Last synced: 2 months ago
JSON representation

Awesome Lists containing this project

README

        

# stLFRdenovo
**StLFRdenovo** is a De Novo assembly pipeline to deal with barcoded reads. It is based on Supernova, with a fastq parsing and sorting module constumized for stLFR data.

## Availability
The pre-compiled version of StLFRdenovo can be downloaded from here: https://github.com/BGI-biotools/stLFRdenovo/releases
## Structure of the files
```
├── bin
│   ├── BcAssembly
│   ├── BcScaffold
│   ├── FillGaps
│   ├── MakeFasta
│   ├── ParseBarcodedFastqs
│   └── PeAssembly
├── script
│   ├── barcode_list.txt
│   ├── SOAPfilter_v2.2
│   ├── split_barcode.pl
│   └── split_barcode.sh
├── step_1_prepare_data.sh
├── step_2_run_assembly.sh
└── stLFRdenovo_pipeline.sh
```
## System Requirement
It only runs on linux system like Centos or Ubuntu. In order to run stLFRdenovo on large genomes like human, the computing node should have at least 512 GB and 1TB free disk space (The final output would not take that much space, it is just for intermediate files generated by the software).

## Useage
+ 1st, create a new work folder
```
> mkdir YourProjectName
> cd YourProjectName
```
This step is just to make sure you start your project in a clean directory, so if you do the first step, you can provide `./` as `out_path` or `./read_name` as `outout_prefix` to the following steps.
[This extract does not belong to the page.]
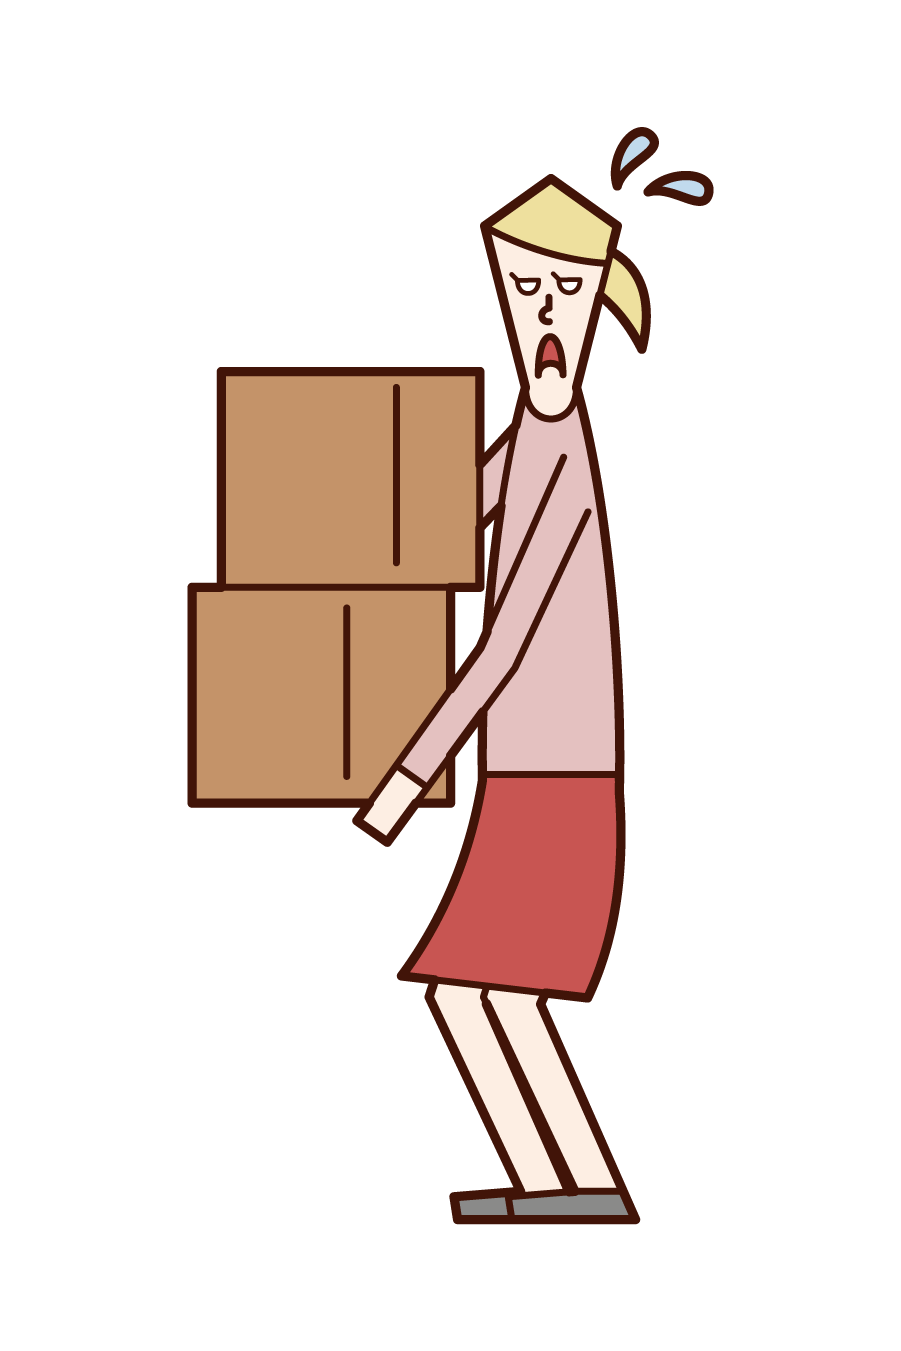 Illustration of a woman carrying heavy baggage

If you are aware that the path you provide to the following steps are valid (not necessarily created already), you can ignore this step.
+ 2nd, run the 1-step executable script or run it by 2 steps.
+ 2.1 run the 1-step executable script with raw reads.
```
> stLFRdenovo_dir/stLFRdenovo_pipeline.sh [ -f raw_fastq_1 raw_fastq_2 ] [ -o out_path ] [ -m max_memory = 512 ] [ -t thread_num = 32 ]
```
This script will do data pre-processing step (generating two separate read pair file in fastq format) and the assembly step automatically.
+ 2.2 run the pipeline by 2 steps.
+ step 1, data pre-processing
Before running assembly, the raw fastq file's barcode should be separated, and the duplicate and adapter also need to be filtered. if you have clean fastq file, you can juamp to 2nd.
```
> stLFRdenovo_dir/step_1_prepare_data.sh [ -f raw_fastq_1 raw_fastq_2 ] [ -o output_prefix ] [ -t thread_num = 32 ]
```
+ step 2, running assembly
After prepare data, you can start assembly with two clean fastq files. Then execute `step_2_run_assembly.sh` without any parameter to see how to use it.
```
> stLFRdenovo_dir/step_2_run_assembly.sh [ -f clean_fastq_1 clean_fastq_2 ] [ -o out_path ] [ -m max_memory = 512 ] [ -t thread_num = 32 ]
```
A typical way to launch the pipeline is:
```
> stLFRdenovo_dir/step_2_run_assembly.sh -f read1.fq[.gz] read2.fq[.gz] -t 32 -m 512 -o out_path
```
If `out_path` doesn't exist, the pipeline will create it.
Please Note that the maximum threads to use in stLFRdenovo is 32, if you specify more than 32, the pipeline would use 32 threads at most. Also, the memory limit is just a reminder here how much memory you want to use for now, it would not quit the pipeline even when it uses more memory than what you have specified.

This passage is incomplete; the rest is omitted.